Member of the Tennessee House of Representatives from the Hamilton County district
- In office 1969–1970

Personal details
- Born: November 5, 1923 Bladenboro, North Carolina, U.S.
- Died: June 25, 2009 (aged 85) Signal Mountain, Tennessee
- Party: Republican
- Spouse: Anne Nolan
- Children: 3
- Alma mater: Mars Hill Junior College, The University of North Carolina at Chapel Hill, University of Maryland, UC Berkeley School of Public Health
- Occupation: Doctor, County Commissioner

= Paul V. Nolan =

American politician (1923–2009)

Paul V. Nolan (November 5, 1923 – June 25, 2009) was an American physician, veteran, statesman, Hamilton County Commissioner, and one term in the Tennessee Legislature. He was married to Anne Nolan. Nolan Elementary School in Signal Mountain, Tennessee was named after him.

==Early life==
Nolan was born in Bladenboro, North Carolina. He graduated from Mars Hill Junior College and the two-year medical program at The University of North Carolina at Chapel Hill. He graduated from medical school at the University of Maryland. While in the military, he received a Master's in Public Health from the UC Berkeley School of Public Health.

==Military service==
During WWII, he served in the U.S. Navy at Camp LeJeune, N.C., and then served as a flight surgeon in the U.S. Air Force during the Korean War. After Berkeley, he served as a Preventive Medicine Officer in the Tactical Air Command at Langley Field in Virginia.

==Later career==
He moved to Signal Mountain in 1959 when he accepted the position of medical director for E.I. DuPont of Chattanooga.
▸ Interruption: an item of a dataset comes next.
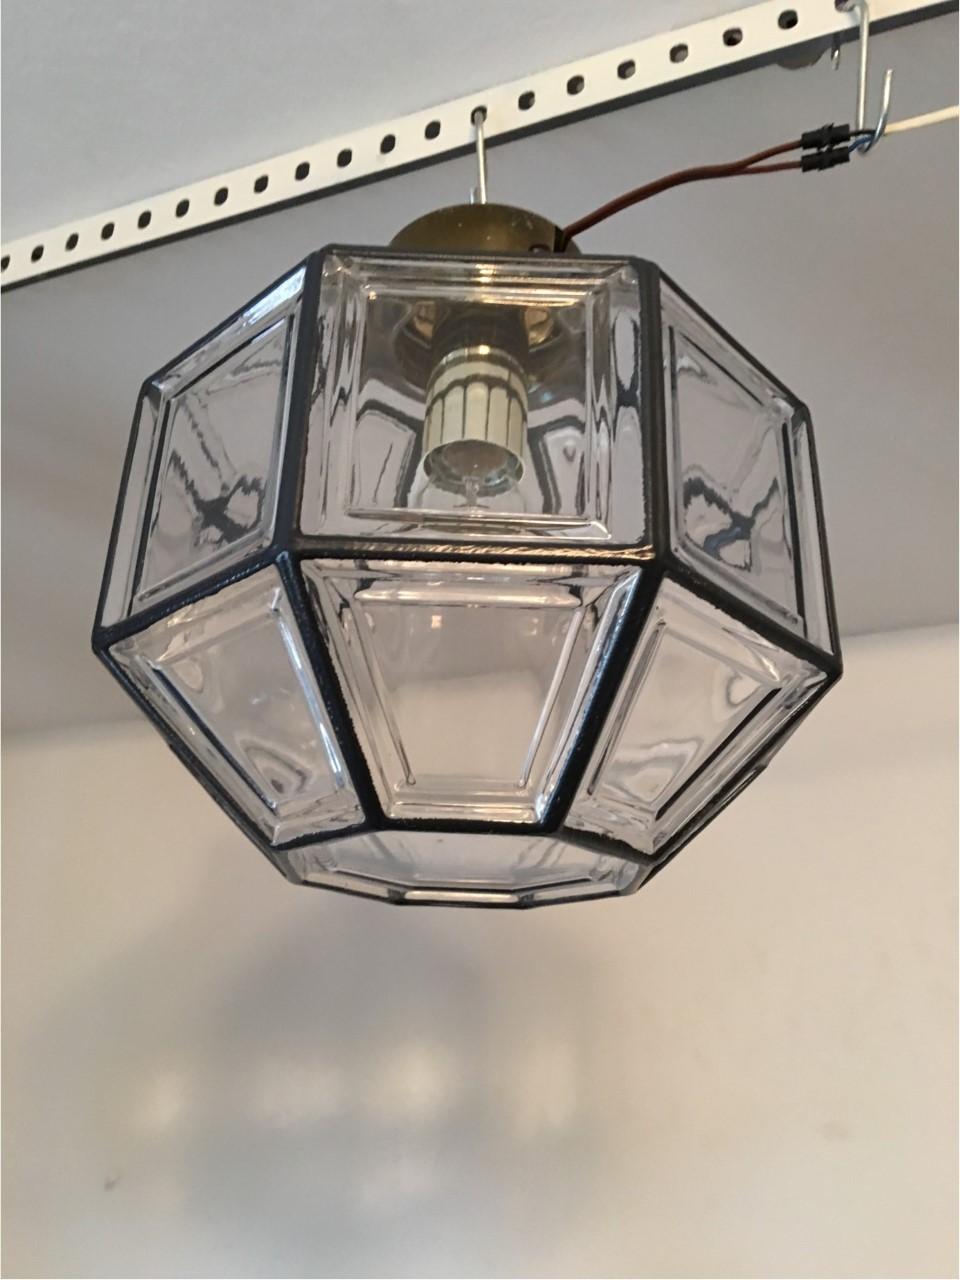 A ceiling lamp Flush Mount with black stripes from Limburg of Germany. 1960s manufacturing date. Requires one European E 26 / 27 Edison Bulb up to 75 Watts for a spectacular lighting effect. Rewired to meet US Standards.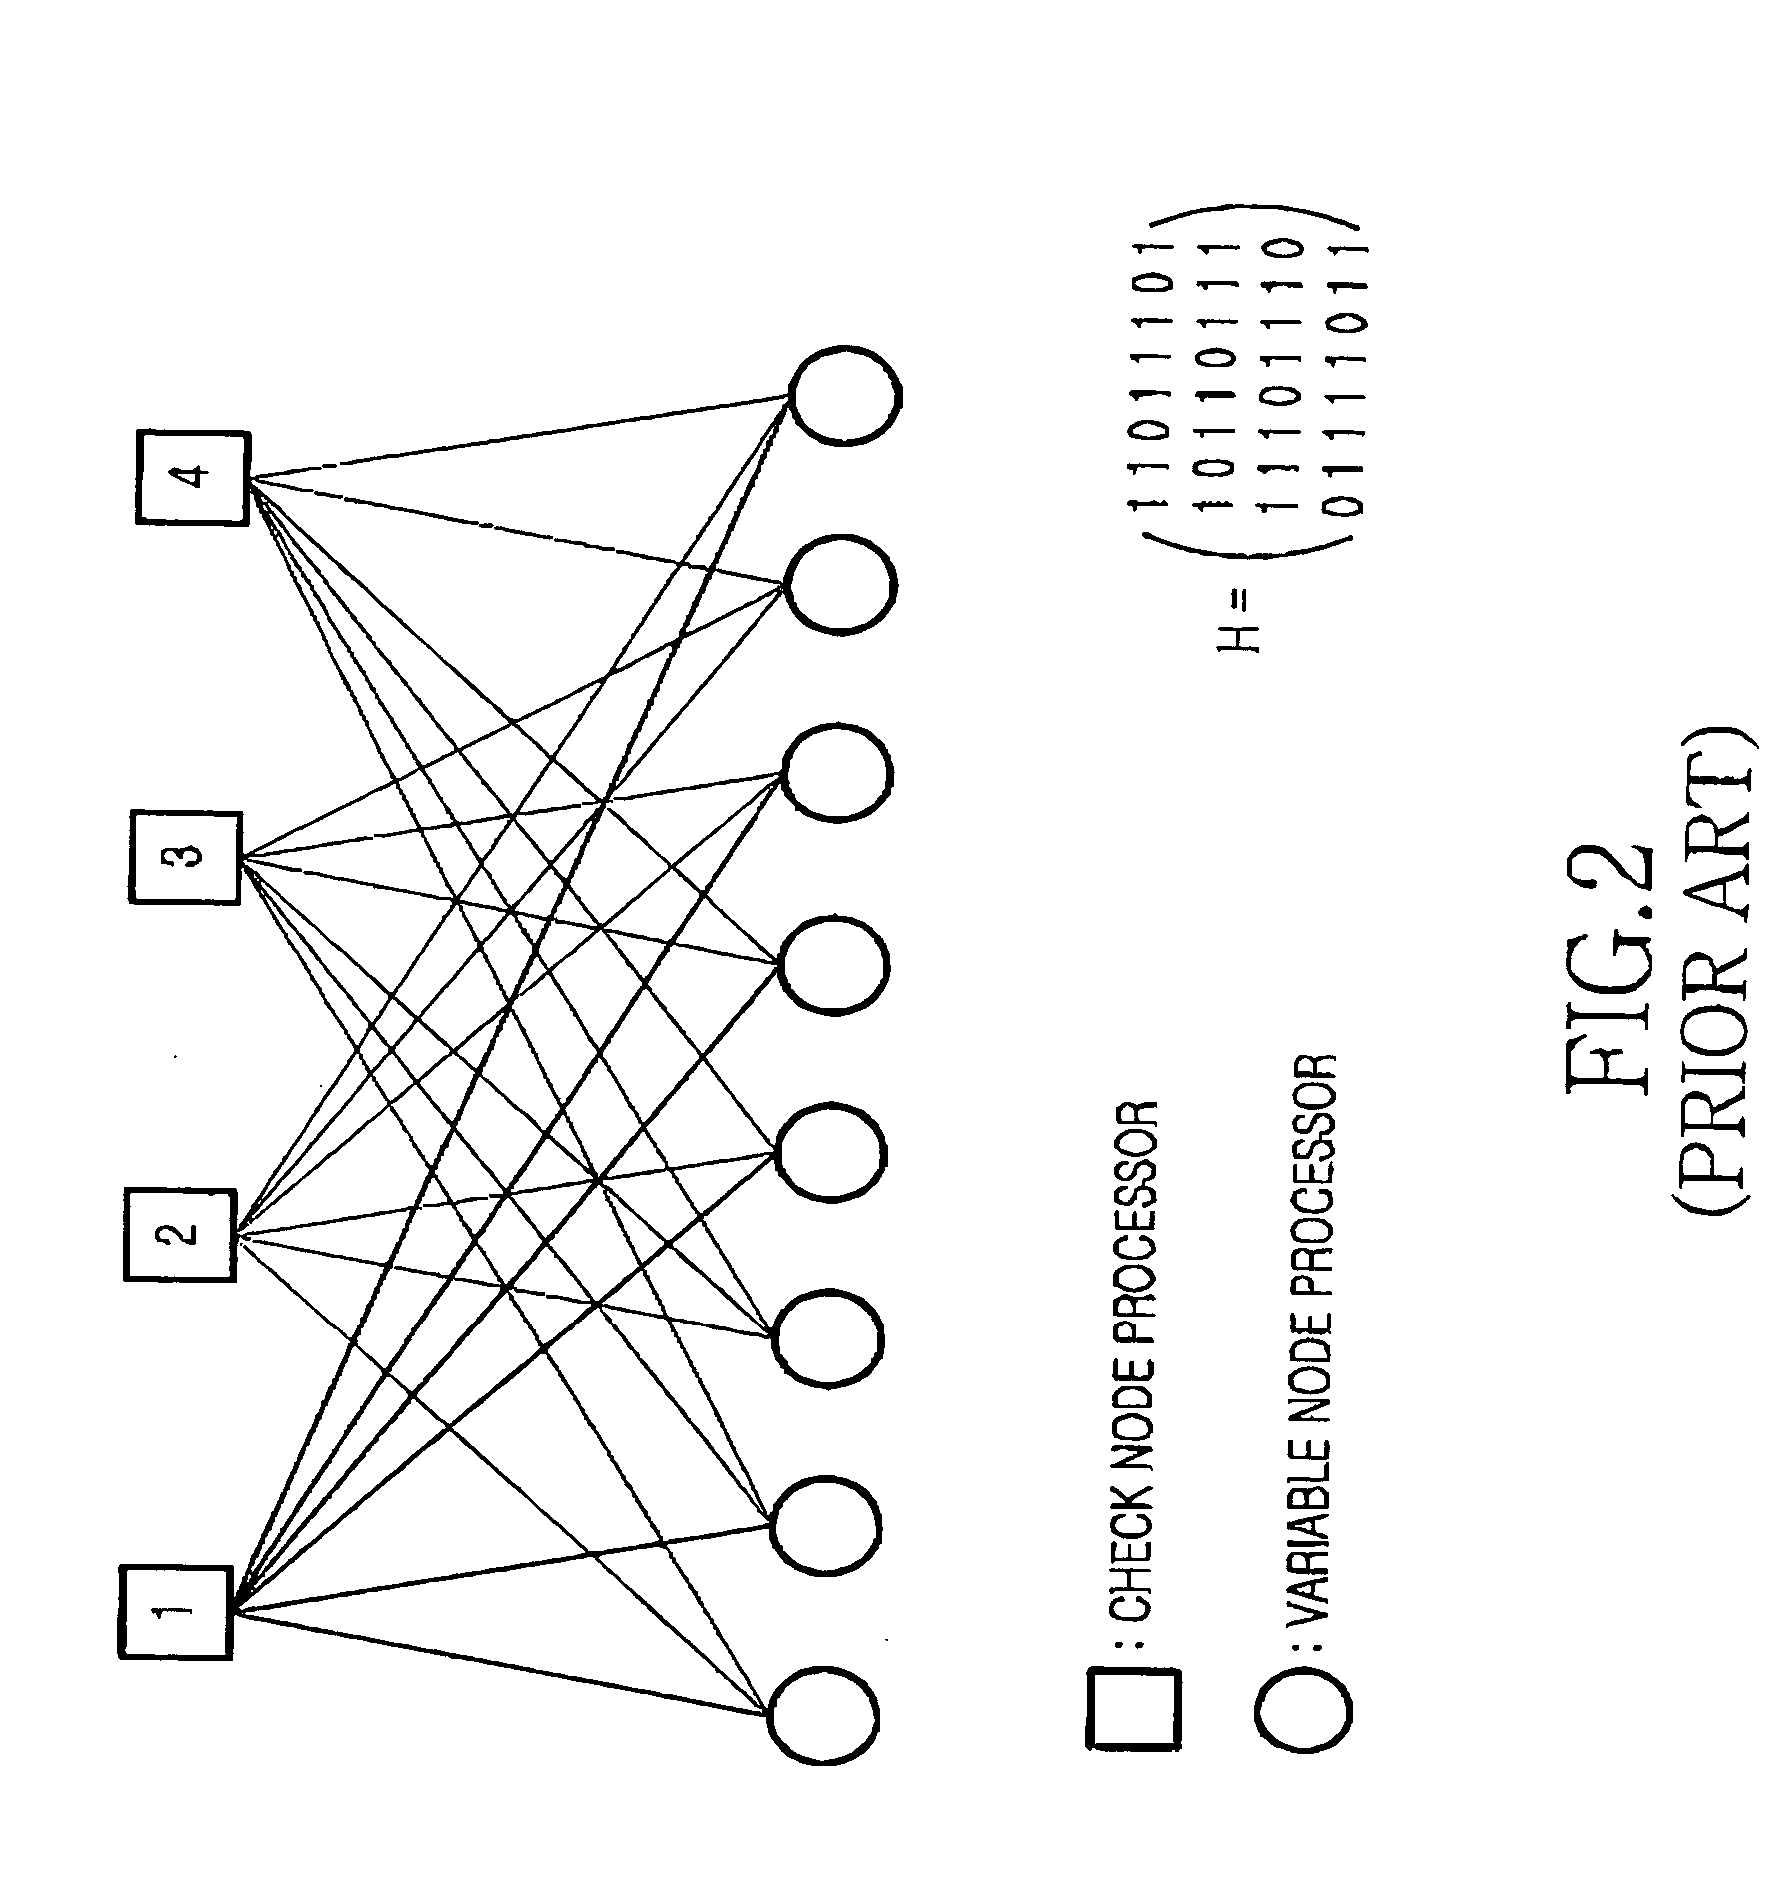 Apparatus and method for decoding low density parity check codes

Dr. Nolan was a member of the Hamilton County Quarterly Court from 1966 until 1978, and served as a state representative to the 86th Tennessee General Assembly from 1969 to 1970, representing the sixth district. His political party affiliation was Republican. He served four terms on the County Commission, serving the Signal Mountain/Red Bank area from 1982 until 1998.

He died of liver cancer and was interred at Chattanooga National Cemetery.